Спустя полчаса кое-как добрались до клиники. Обуздать кобылу-первородку было бы проще, чем слабоумную, окончательно утратившую навыки социального взаимодействия от боли. Вера взмокла, несмотря на отменную физическую подготовку. И никак не могла приступить к внутреннему акушерскому обследованию, потому что безумная была огромна, а родовые схватки придавали ей немыслимую силу. Она сжимала бёдра, отпихивала Веру.
– Поздновато бросилась целомудрие беречь! – хмыкнул Сапожников, присевший за стол в смотровой.
– Яков Семёнович! Вы не изволили бы мне помочь?!
– Не моя юрисдикция, Вера Игнатьевна!
– Как насчёт клятвы Гиппократа?
– Боже мой, что вы такое говорите! – с притворным ужасом воскликнул Сапожников, неторопливо подойдя к кушетке. – Вы об этических обязательствах асклепиадов? О морали язычников?! – он укоризненно покачал своей ироничной головушкой. – Я православный человек, Вера Игнатьевна! Так что не оставлю свою сестру во Христе, и я не об этой несчастной, а исключительно о вас, моя дорогая! Не умеете вы с контингентом! Вам бы только командовать, чтоб они у вас на столе лежали по стойке «смирно», пока рауш-наркозом в «вольно» не отправят. Смотри и учись, подруга!
Яков Семёнович ласково погладил слабоумную по жидким волосам, отечески провёл ладонью по необъятной щеке, потрепал за жирный подбородок. Достал из кармана пиджака шоколадную конфету. Обрадовавшаяся ласке, как грудное дитя, роженица выхватила конфету и запихала её в рот вместе с обёрткой.
– Тётя врач должна тебя посмотреть. Тёте врачу нужен твой животик и то, что пониже.
Слабоумная крепко схватила Сапожникова за руку и уставилась на него нехорошим маслянистым завлекательным взглядом.

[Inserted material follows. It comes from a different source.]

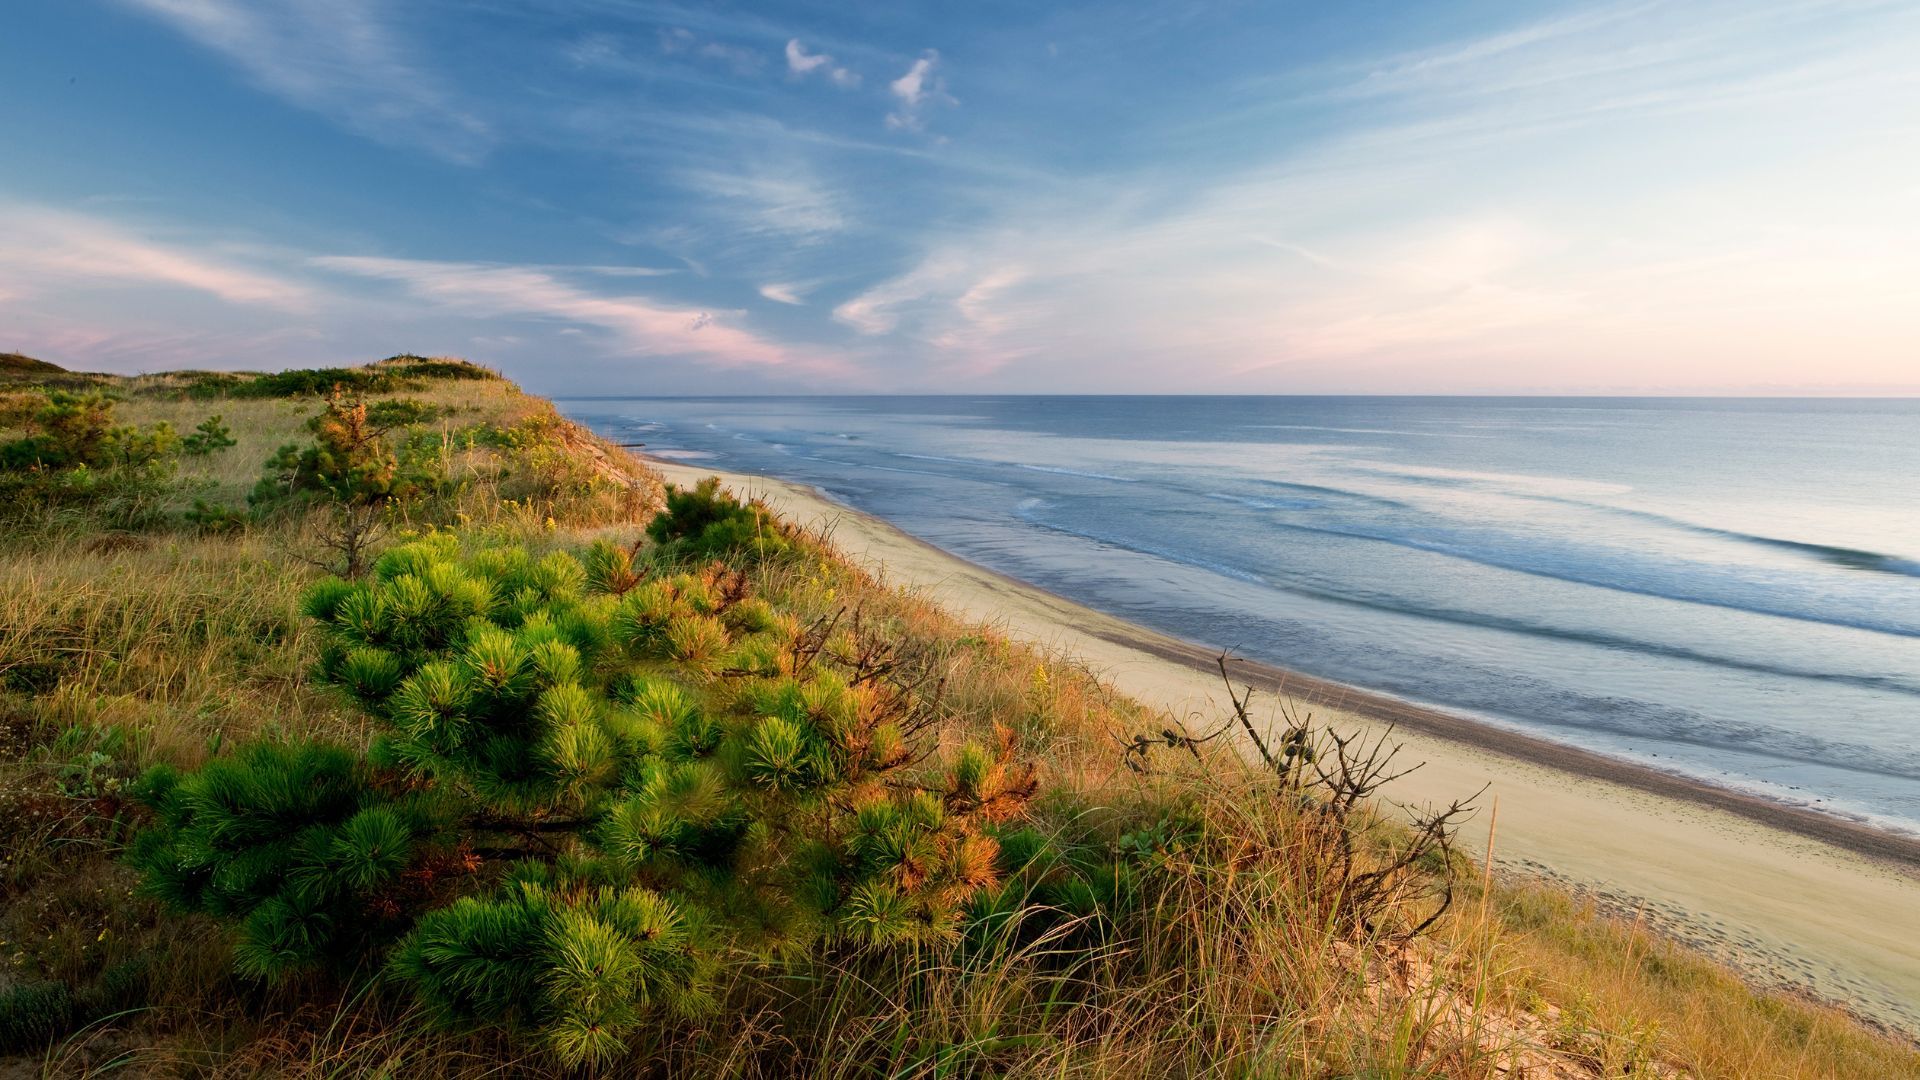 <p>                     Enjoy exploring the outdoors with your pooch in tow? Take a trip to Massachusetts and adventure the 40-mile stretch of sand Cape Cod National Seashore has to see. This spot welcomes leashed dogs all year long.                   </p>

– Тьфу ты! – Яков Семёнович не изменил ласкового тона и не прекращал зрительный контакт с отвратительной похотливой жижей, плескавшейся в оловянных глазках неполноценной. Но обращены его слова были к Вере Игнатьевне: – Единственная доступная её мозгу функция: она вычленила мужчину, она знает, что ему интересно. Перед нами, княгиня, эректильный имбецил. Живой, непоседливый и покладистый. Дай-ка мне стетоскоп, тётя доктор. Пациентка явно предпочитает дядю. Сердцебиение плода послушаю. Приведи, будь добра, кого-то из ваших докторов положенного пола. Тебе она не дастся. А передо мною, вишь, вся раскинулась.
– Яша, я поняла, кто перед нами. Я посещала семестр лекций Эмиля Крепелина в Гейдельбергском университете. Знакома с его классификацией слабоумия.
Сапожников выслушал сердцебиение плода. Долго искал, проверял, перепроверял.
– Сквозь такие толщи жира, сама понимаешь, что со звуковой проводимостью. Но я тебя поздравляю, княгиня! У тебя в родах олигофрен. Индивид, неспособный к независимой социальной адаптации. Блаженный. Дурачок. В нашем случае – дурочка. И в мир она исторгнет двойню. Оба плода предлежат головами, что крайне удивительно. Приведи кого-нибудь, я пока с ней посижу. А потом – честь имею. Непременно расскажешь, чем дело кончилось.